Activity:
Work through the listing below and give again exactly the lines from the one with "Neuer Weg (NW), Organ" to the one with "Brigade No. #2 1992 Image Comics", both ends included. All other lines and all pictures stay out.
Listed entries START
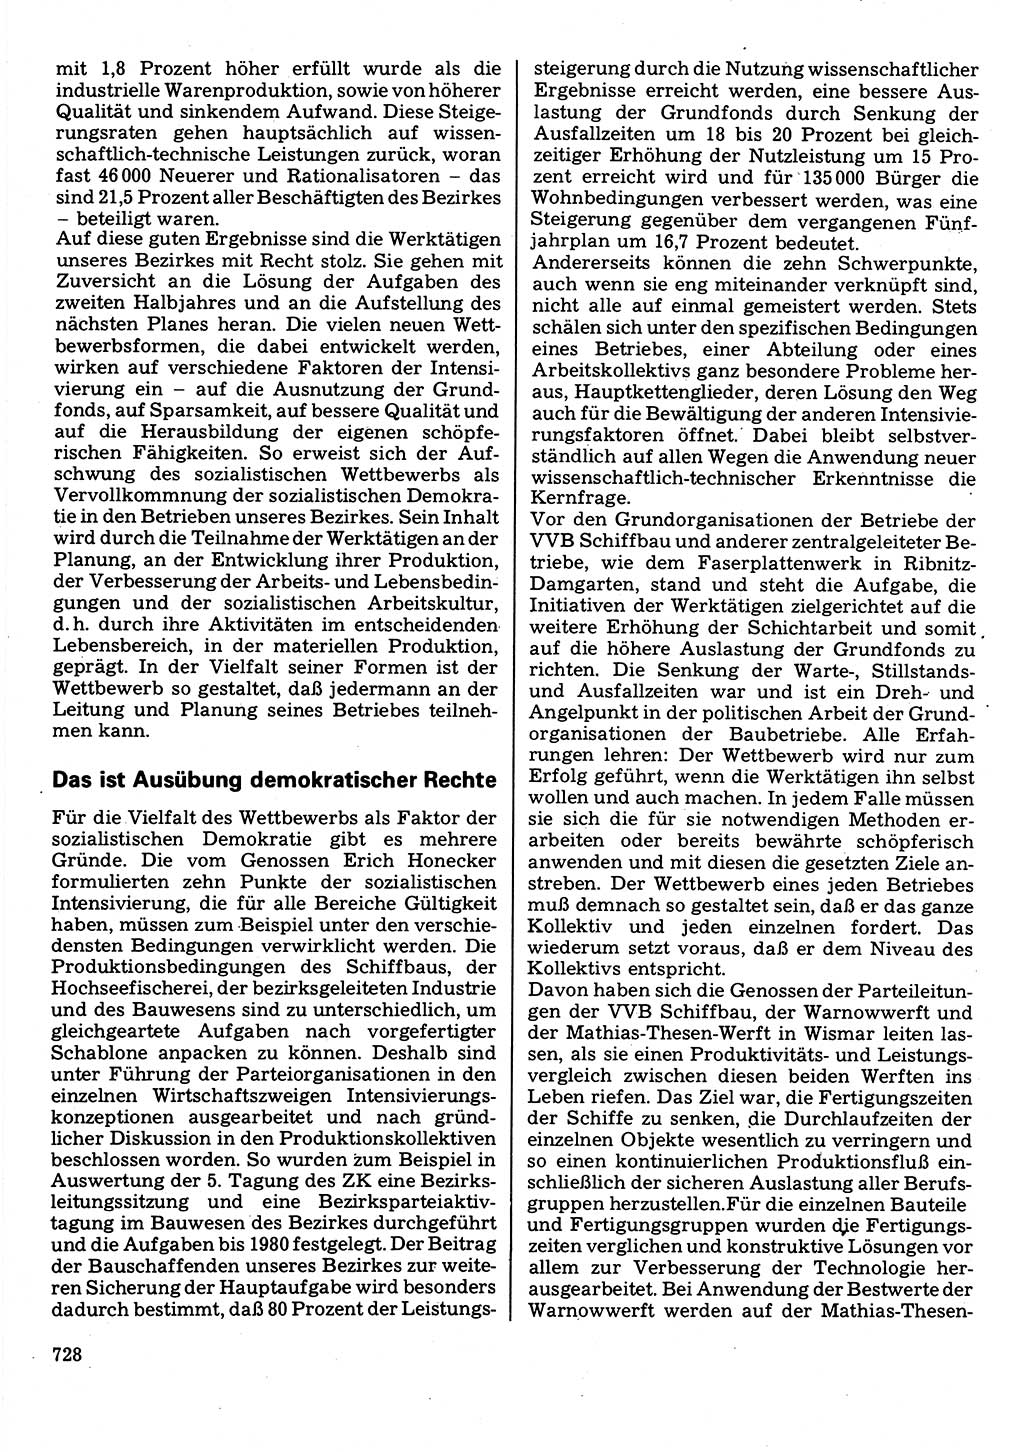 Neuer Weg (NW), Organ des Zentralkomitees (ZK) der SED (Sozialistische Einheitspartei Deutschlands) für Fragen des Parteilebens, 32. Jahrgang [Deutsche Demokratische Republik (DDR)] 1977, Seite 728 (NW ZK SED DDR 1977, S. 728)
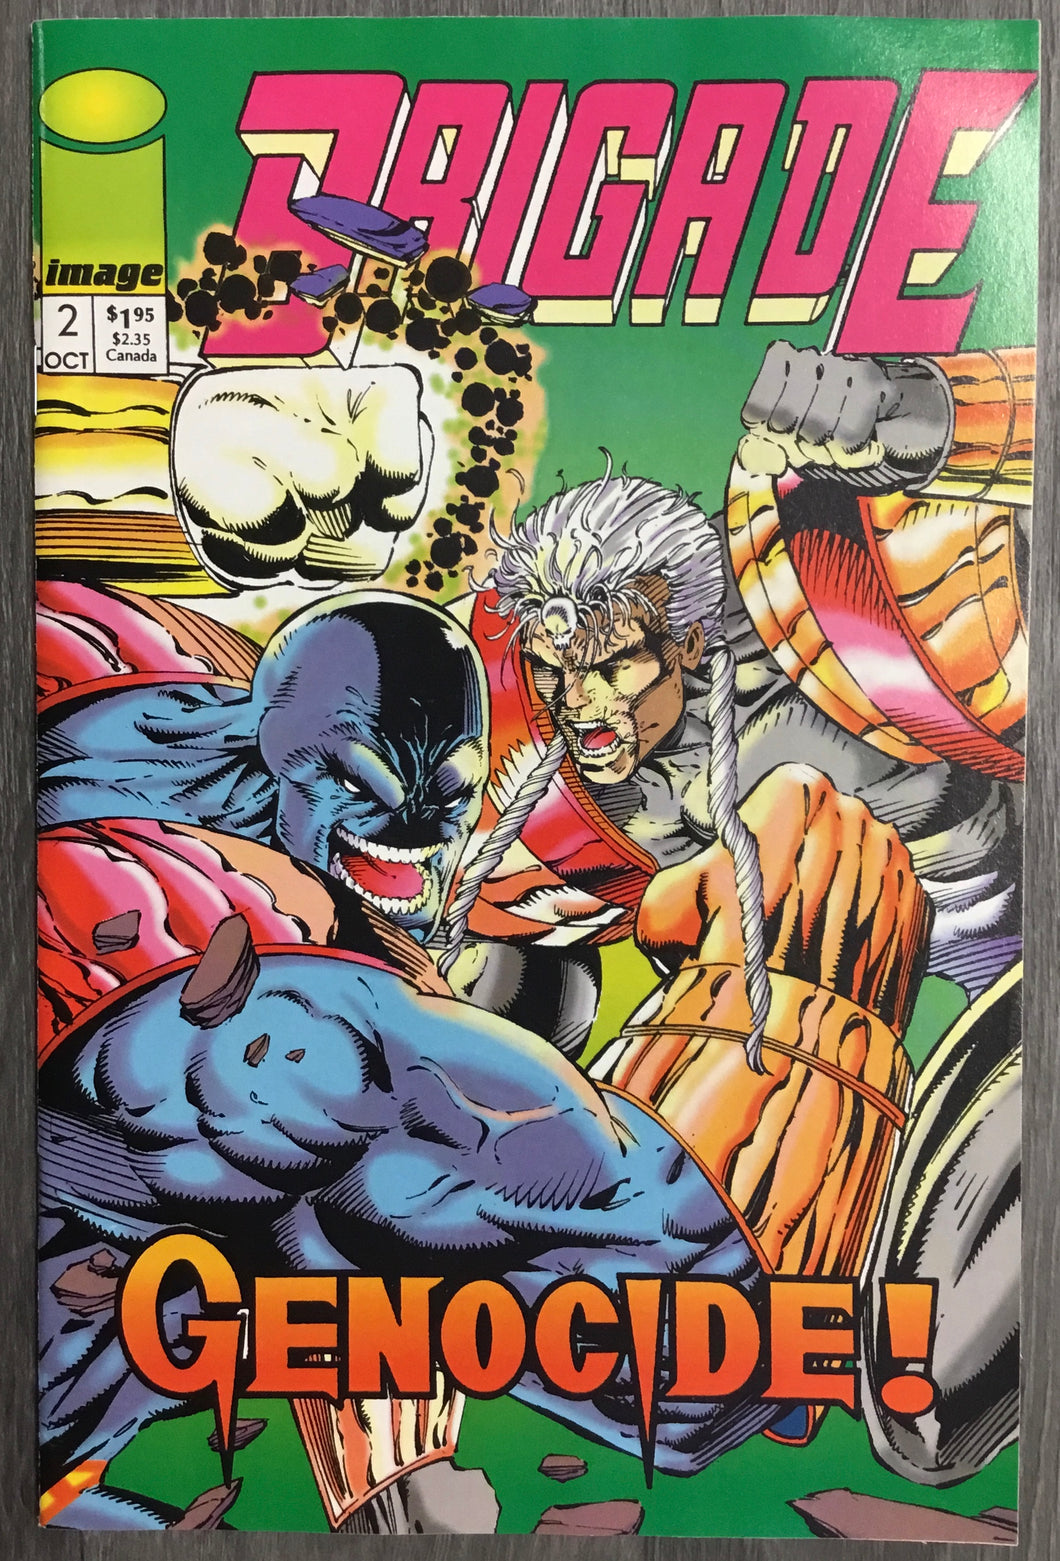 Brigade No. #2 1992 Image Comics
Listed entries END
Listed entries START
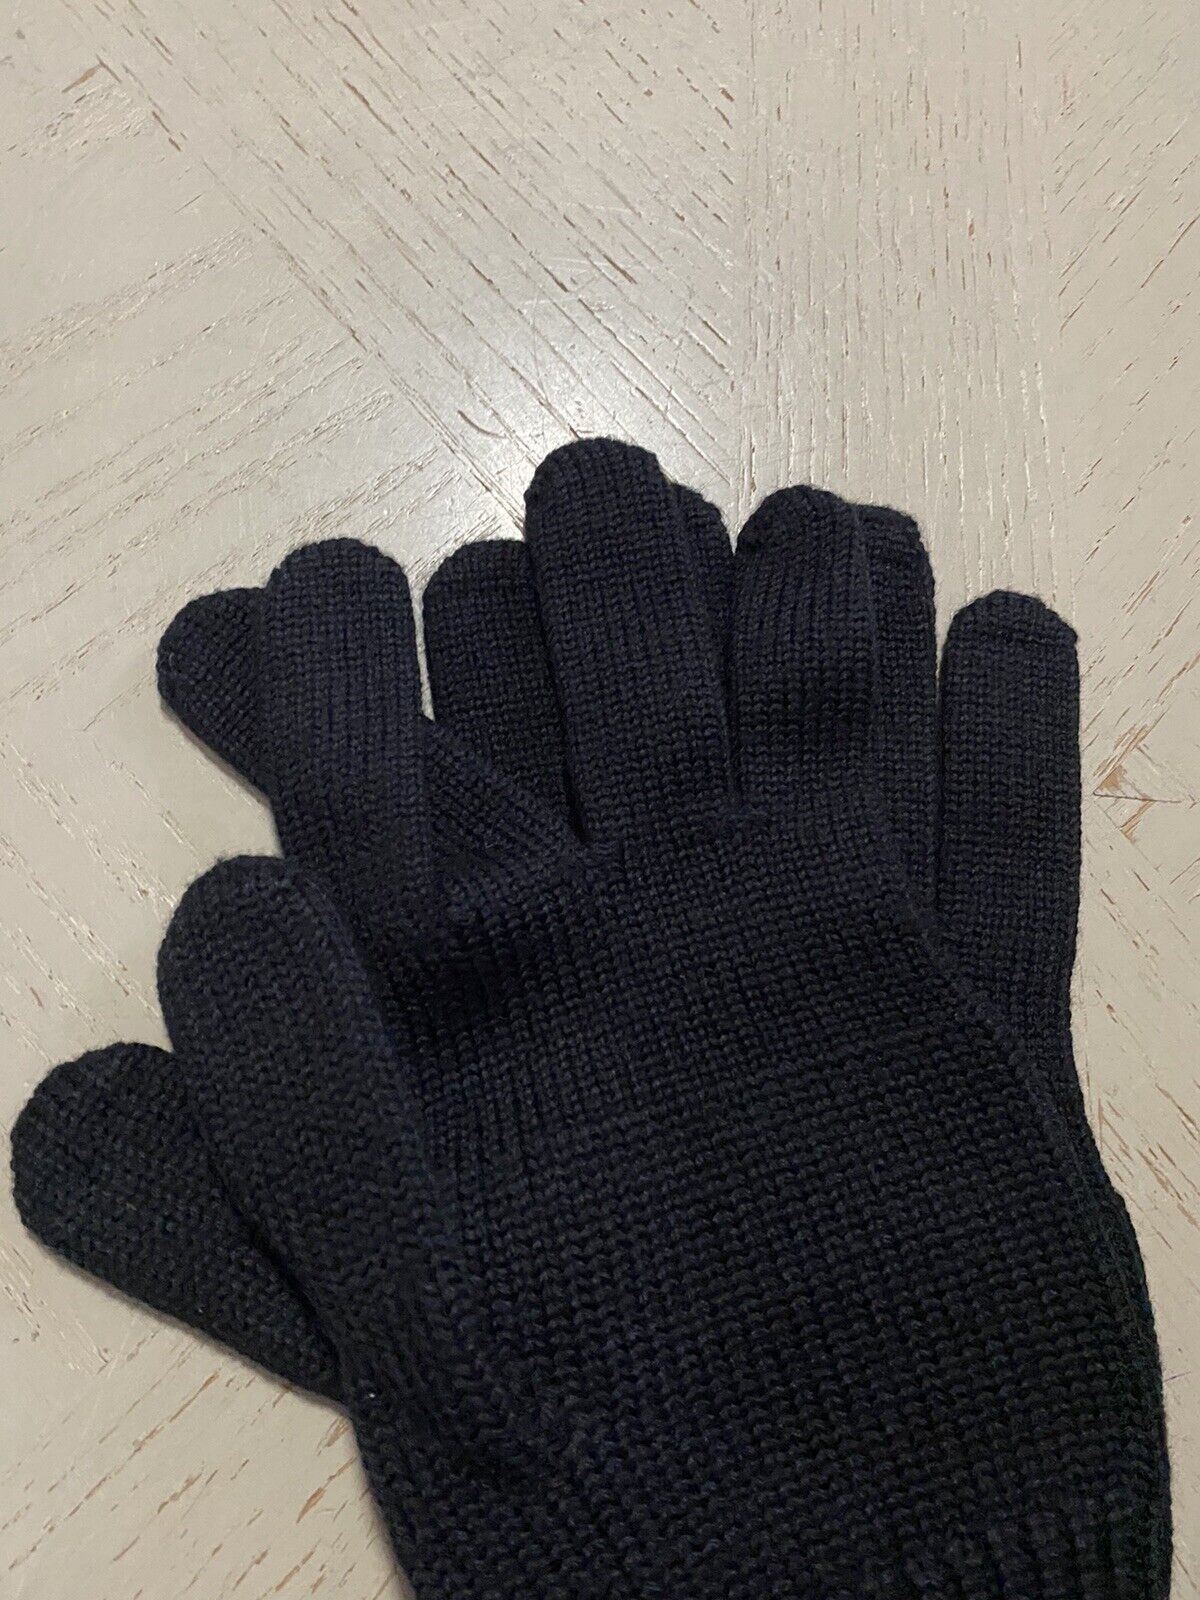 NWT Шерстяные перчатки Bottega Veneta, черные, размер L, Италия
Listed entries END
Exercise answer:
 Neuer Weg (NW), Organ des Zentralkomitees (ZK) der SED (Sozialistische Einheitspartei Deutschlands) für Fragen des Parteilebens, 32. Jahrgang [Deutsche Demokratische Republik (DDR)] 1977, Seite 728 (NW ZK SED DDR 1977, S. 728)
 Brigade No. #2 1992 Image Comics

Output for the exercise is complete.